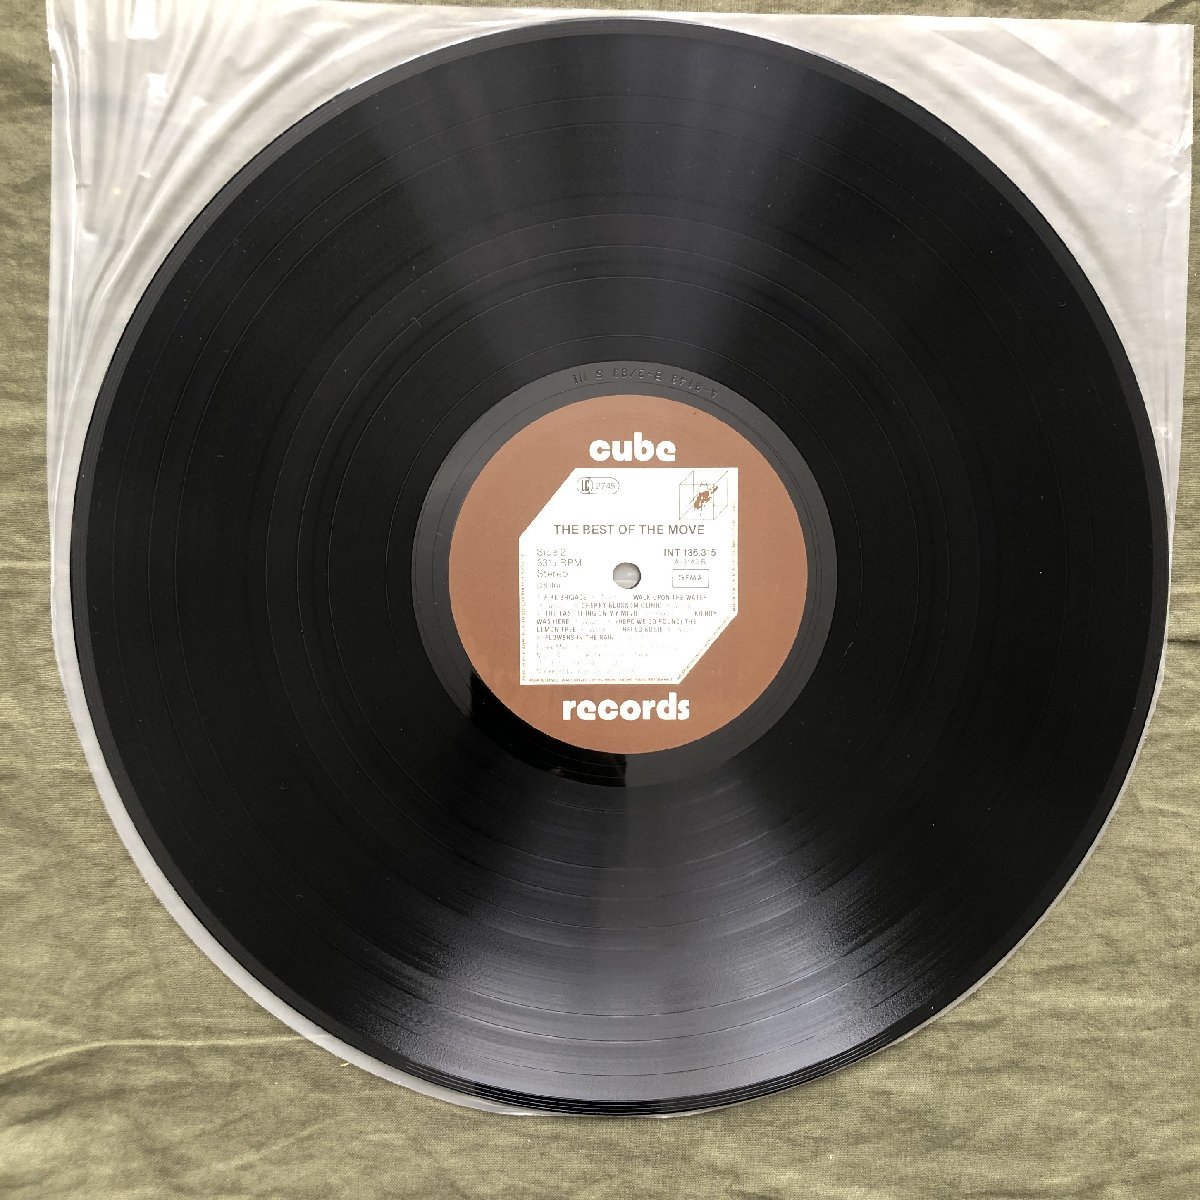 傷なし美盤 良ジャケ 激レア 1976年 ドイツ盤 Move LPレコード The Best Of The Move The Best Of The Move: ELOの前身 Jeff Lynne_画像9
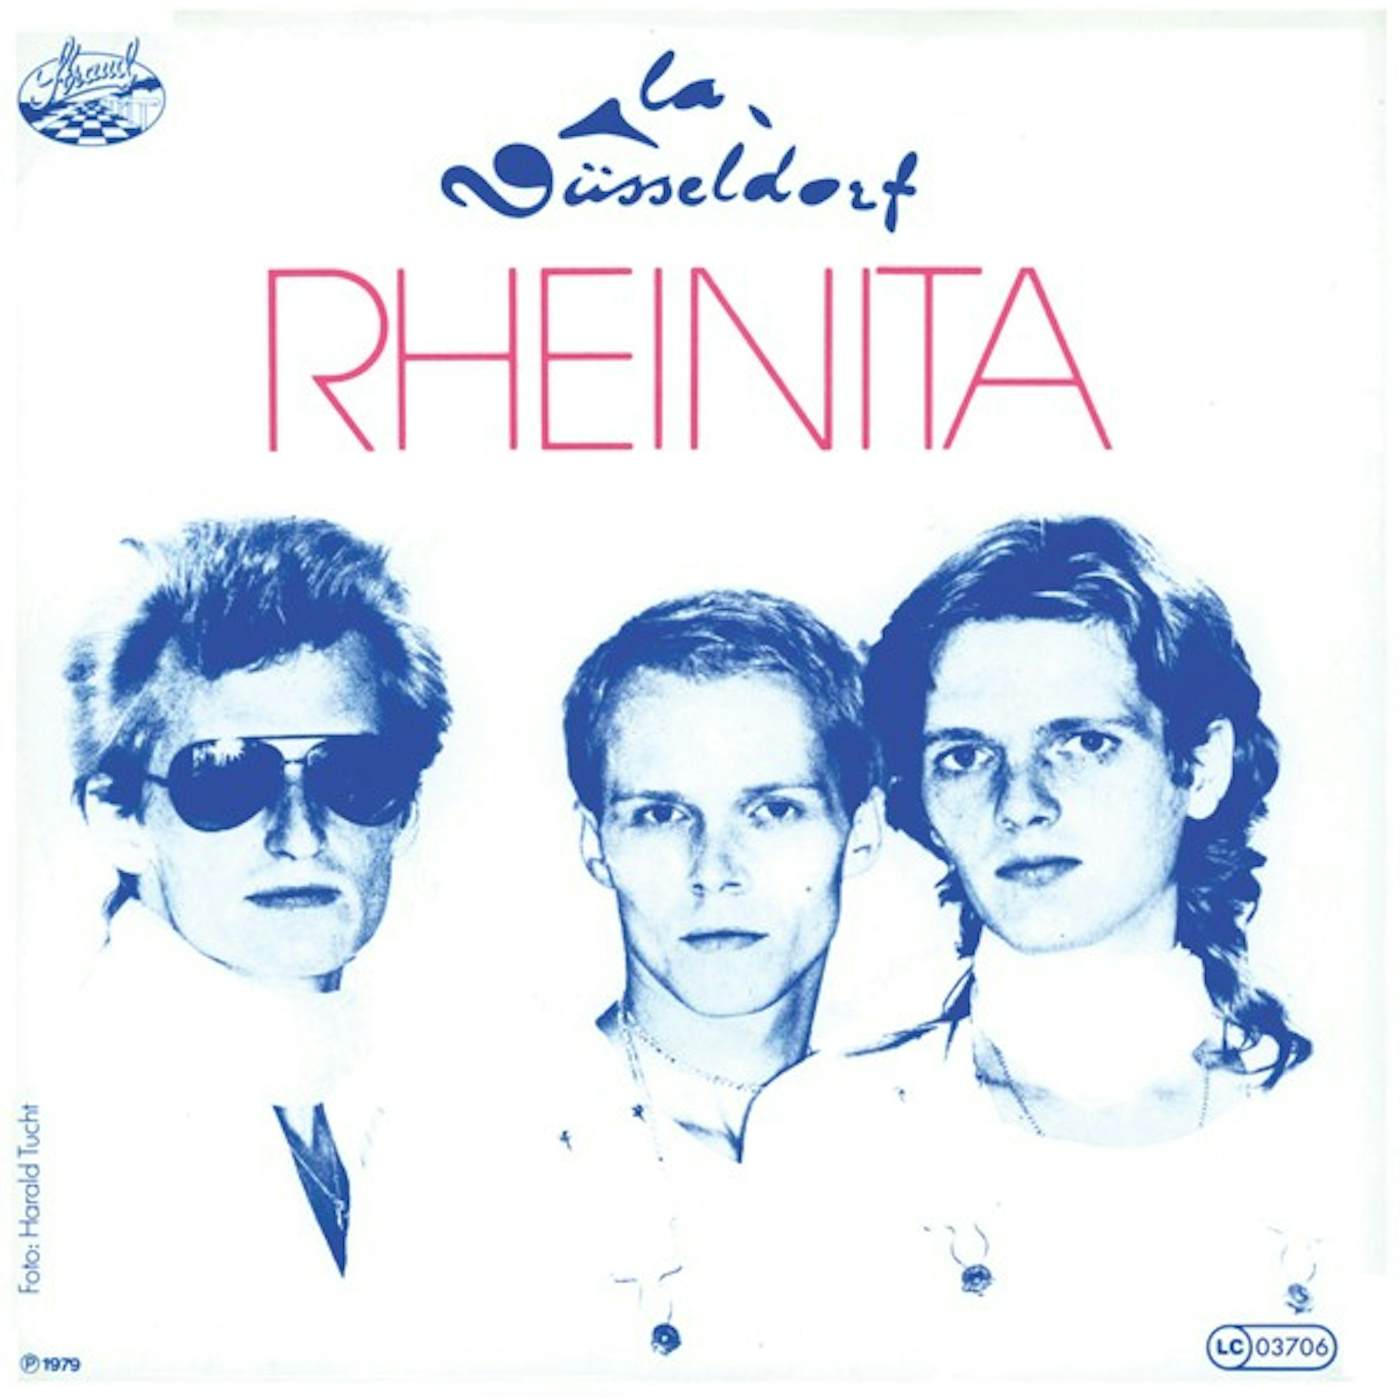 La Düsseldorf Rheinita/Viva Vinyl Record
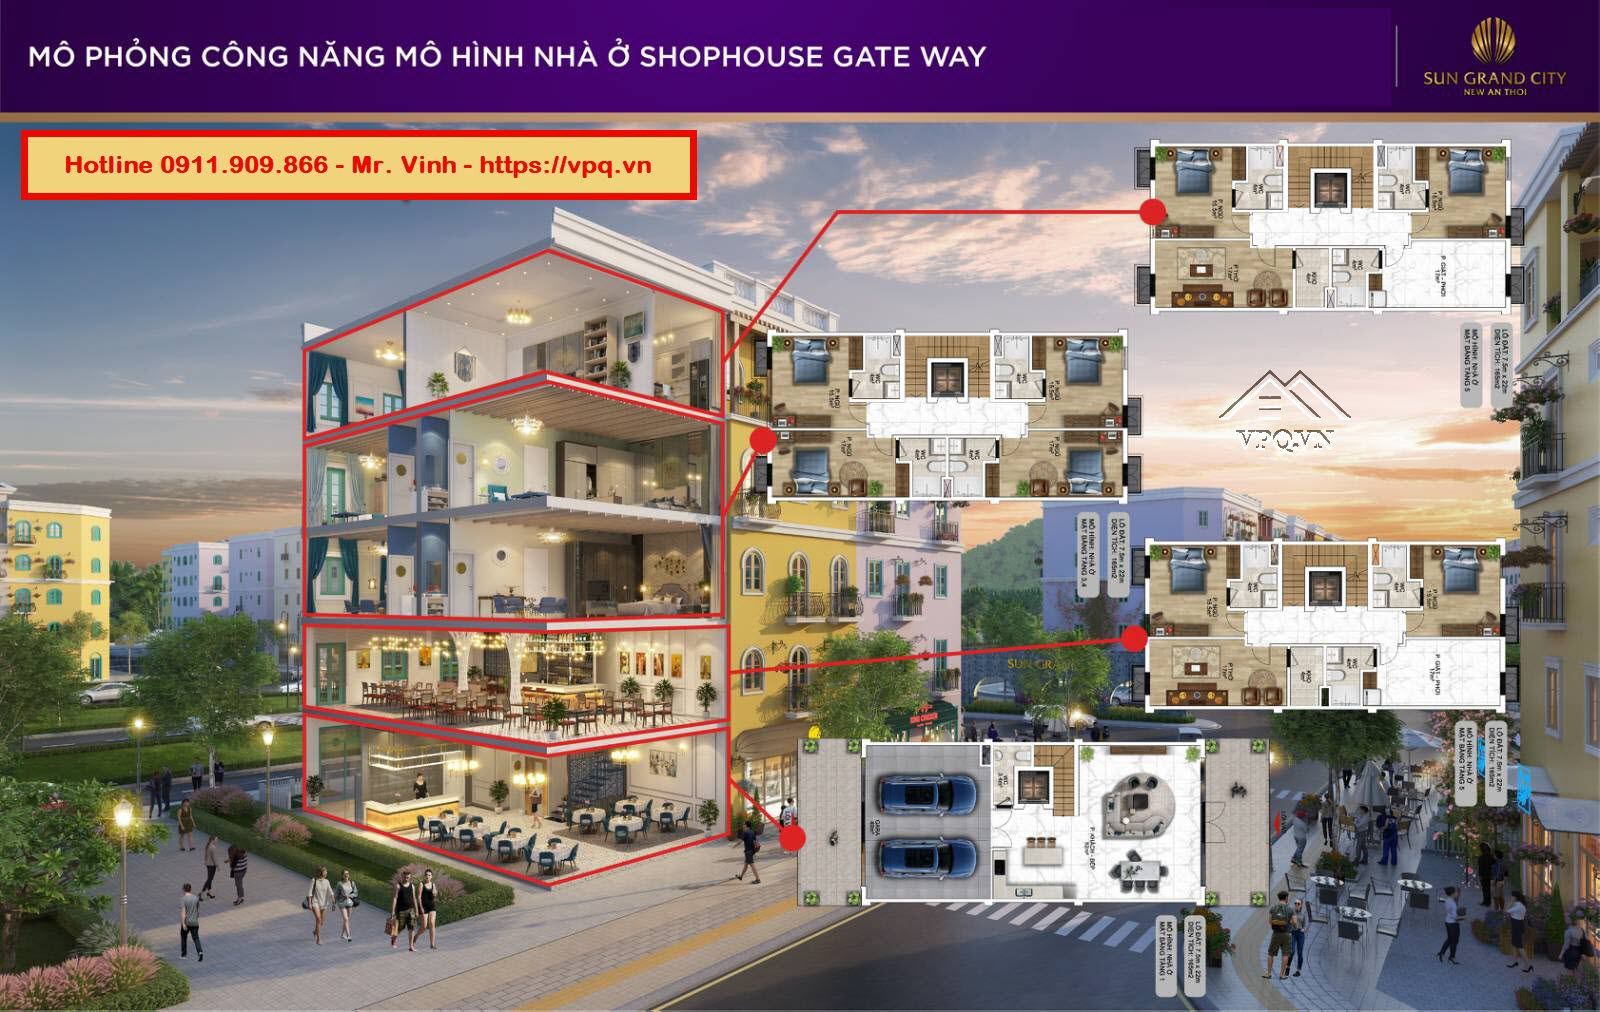 Thiết kế Shophouse Gateway An Thới mô hình nhà ở
::::::::
• Your objective: When you reproduce the material, keep every word exact and leave each picture out.

• Output of the task:
 傷なし美盤 良ジャケ 激レア 1976年 ドイツ盤 Move LPレコード The Best Of The Move The Best Of The Move: ELOの前身 Jeff Lynne_画像9
 La Düsseldorf Rheinita/Viva Vinyl Record
 Thiết kế Shophouse Gateway An Thới mô hình nhà ở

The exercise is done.